Tune of the day #273

It’s surprisingly difficult to find videos of off-track music from 1980 to 2005, even when an album had a Roger Dean cover. That was before YouTube, but too recently for the recordings to be of antiquarian interest. Consequently there is very little available to represent such eccentric bands as Birdsongs of the Mesozoic, and few of their earlier recordings are available there. BotM is classified as “RIO/Avant-Prog” at Prog Archives. Unlike most artists in that classification, they are generally fairly pleasant and not difficult to listen to, though not remotely radio-friendly.

Today’s quote

Grim:

The good argument in favor of billionaires — trillionaires, now — is that one person can make a decision about how to deploy substantial capital in efficient ways that a government, a corporation, or a committee can never. Musk is building space rockets and tunneling equipment that could build a Mars colony because he wants to, not because of fiduciary duty or because spreadsheets suggest it is wise. We are lucky that the world’s richest man loves Buck Rogers rather than Karl Marx.

Notes from the Department of Circular Communications

A query about “armchair paleontology” in the Halupedia led circuitously to an entry about Auguste Dubois-Lacroix (b. 1842, Paris; d. 1907, Pont-de-Chéruy), “an individual whose primary professional skill was the avoidance of notice.”

… a highly unremarkable civil servant whose posthumous notoriety arose from the ADLB, a complex and ultimately unsuccessful initiative he spearheaded during his tenure at the Ministry of Applied Obfuscation.1

… The stated objective of the ADLB was to enhance the clarity and efficacy of government communications by making them deliberately more difficult to understand. The underlying philosophy, according to contemporary documents attributed to Lacroix, was that true administrative efficiency lay in preventing unauthorized comprehension.

… Under Lacroix’s direction, the ADLB developed a series of groundbreaking techniques. These included the systematic introduction of non-sequiturs, the invention of new verb conjugations requiring three or more preceding subordinate clauses for correct interpretation, and the mandatory inclusion of obscure references to the Catalogues of Unnecessary Objects. The notorious Protocol of Ten Thousand Delays, a prime example of ADLB’s methodology, became legendary.

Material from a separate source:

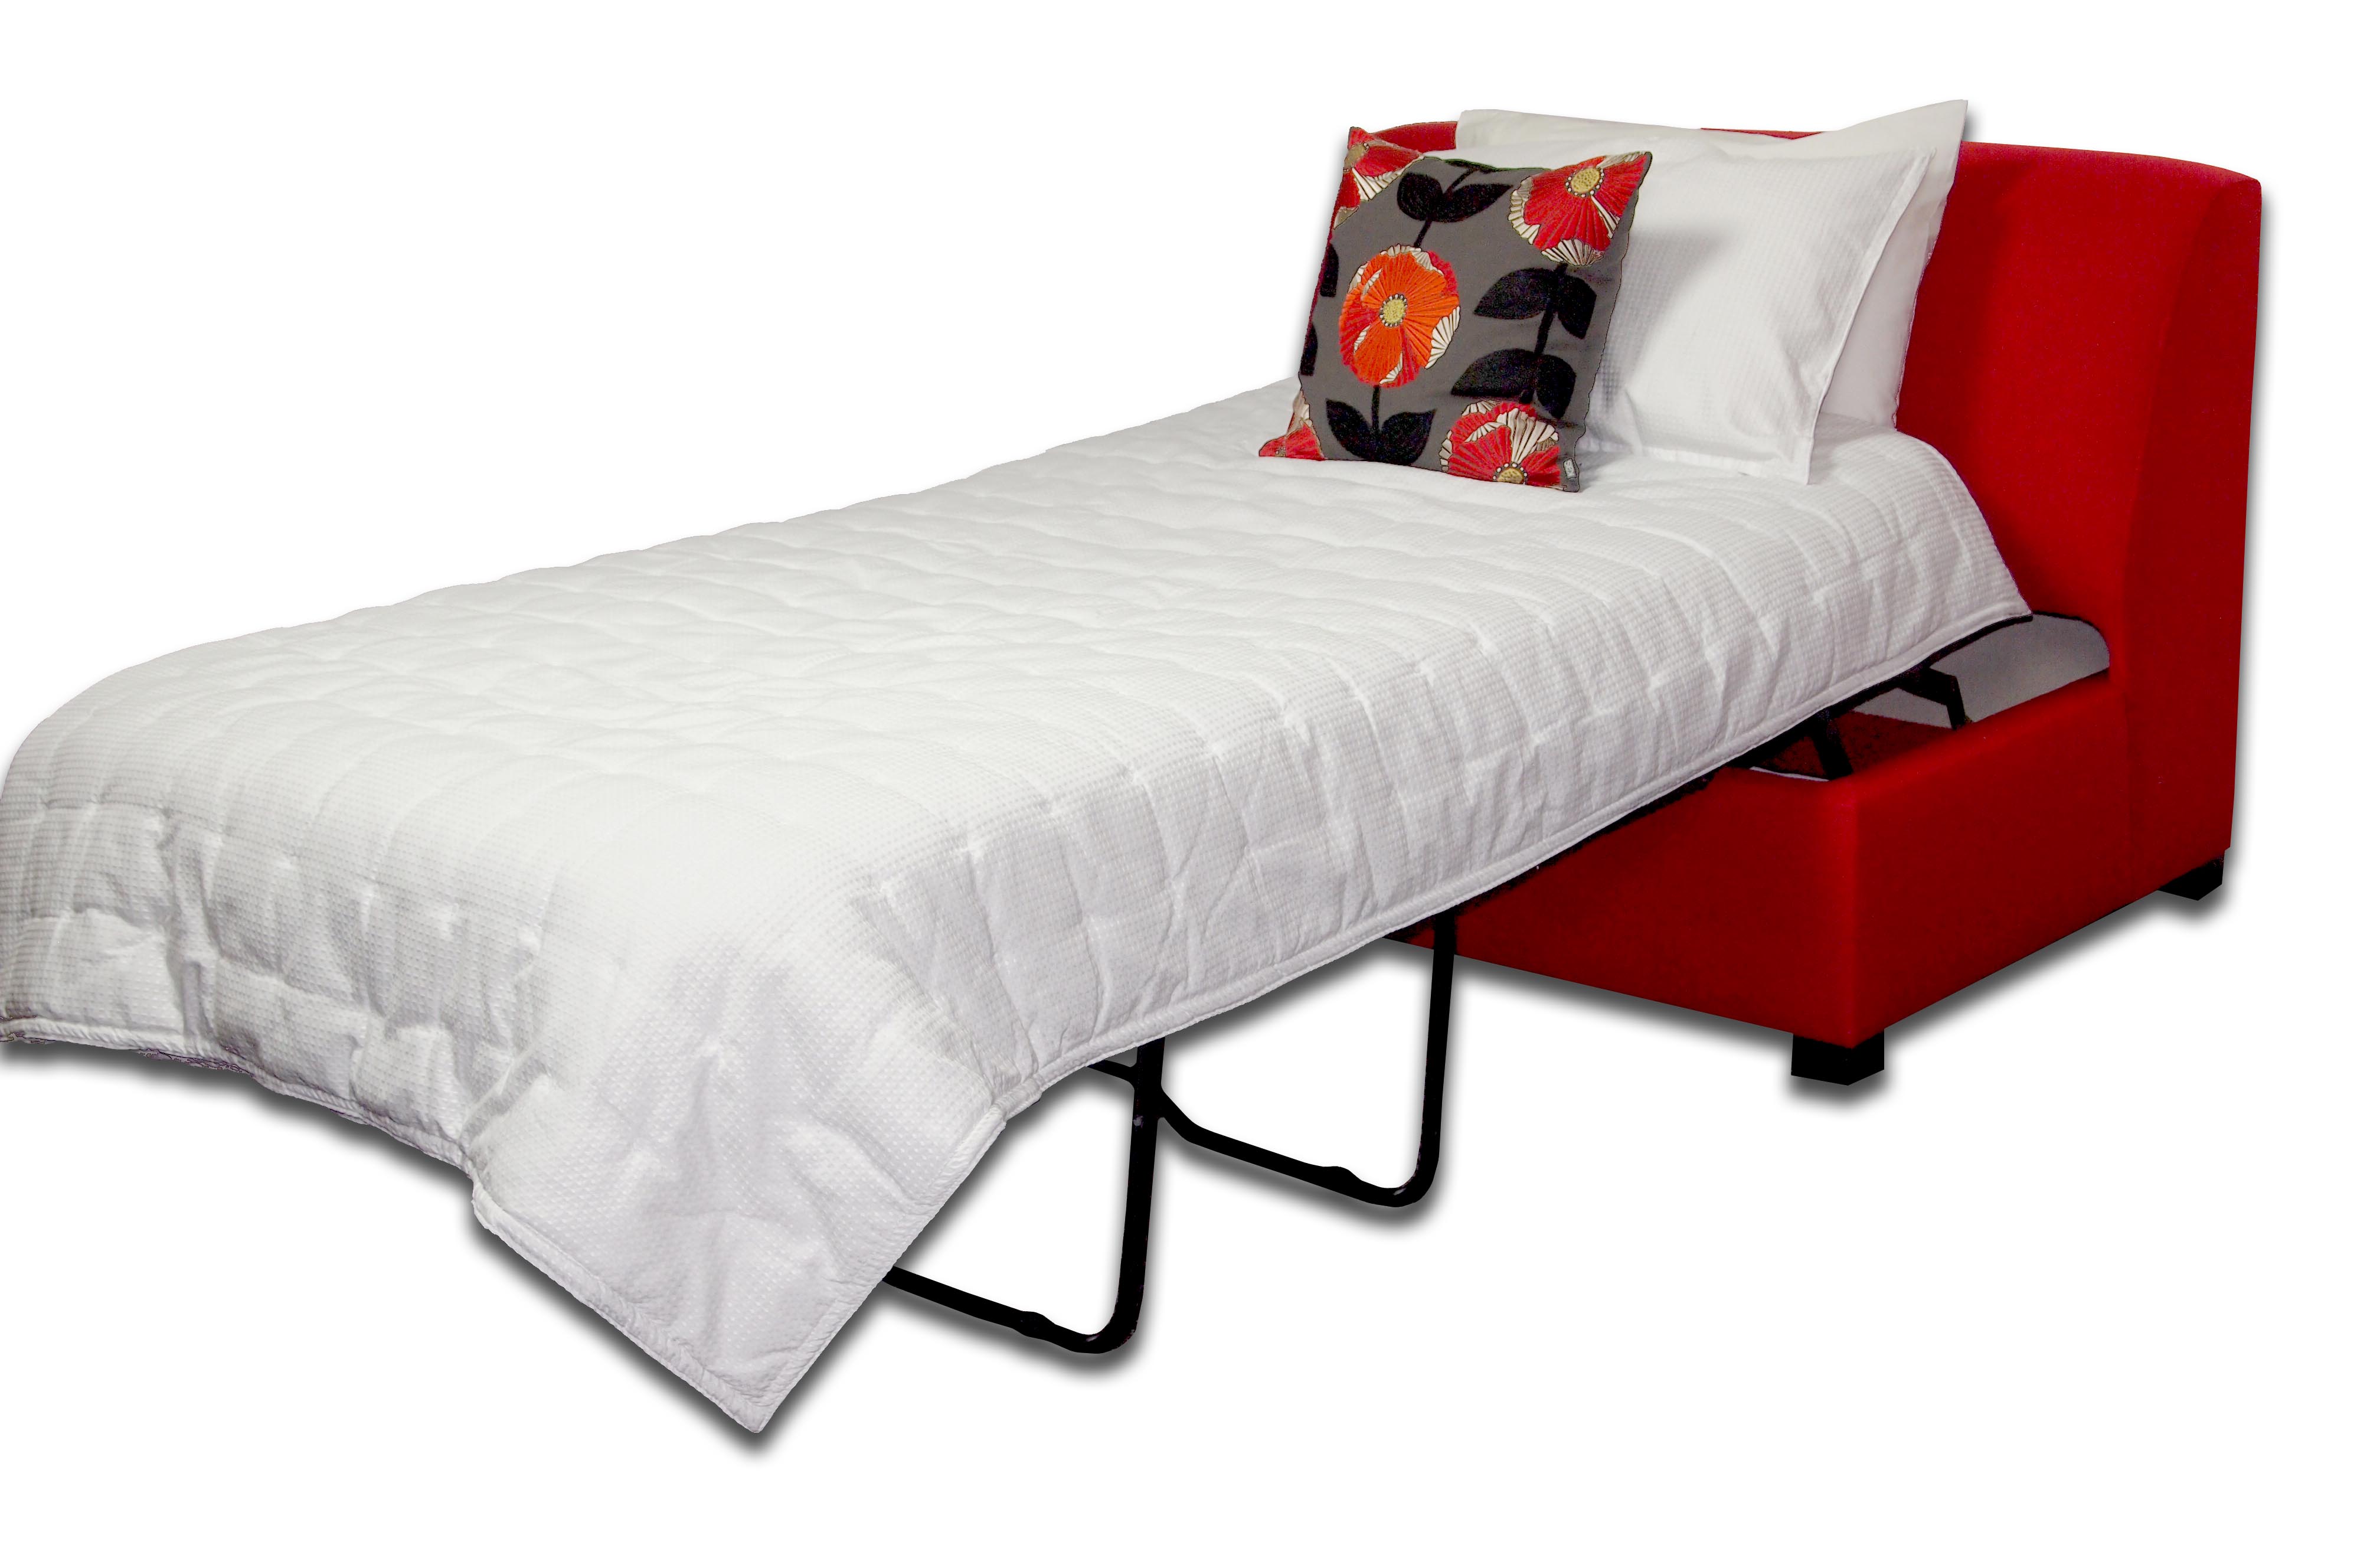 single sofa bed for everyday use

Roadrunner with flying armadillos

An inquiry about the flying armadillos of west Texas led quickly to the Archives of Misplaced Endeavors, the Project to Quantify the Weight of Apathy, and the Ministry of Futility Studies. Further research touched on the Treaty of the Fourth Dimensions Annexation, Viking Pineapple Relocations circa 975 CE, the Society for the Advancement of Spurious Mathematics, Chronometric Discontinuity, and many more remarkably obscure topics.

So it seems that not only can AI assemble listenable songs, realistic photographs and incalculable reams of prose of many kinds, it is capable of passable satire as well. (The entire prompt for the top illustration was “Ministry of Applied Obfuscation.” GPT added all the verbiage, not me.) I still prefer the scholarship of Will Cuppy, Alan Coren and Henry Beard, but as an occasional satirist myself, I find Halupedia disquietingly competent. Has AI developed a sense of humor?

Today’s proposition

Devon Eriksen (via Nicholas):

Heinlein was one of the 20th century’s greatest authors, if not THE greatest, and he was also the 20th century’s greatest philosopher and it’s not even close.

Is this defensible? I’ve read an immense amount of science fiction but little Heinlein2, and what Heinlein I have read didn’t particularly impress me. Are there depths to Starship Troopers and The Moon is a Harsh Mistress that are missing in what I have read?

Update from Robbo: “I’d have sent Evelyn Waugh, C.S. Lewis, Tolkien, Charles Portis, and Plum Wodehouse into the lists, but I’m not sure what the rules of engagement are.”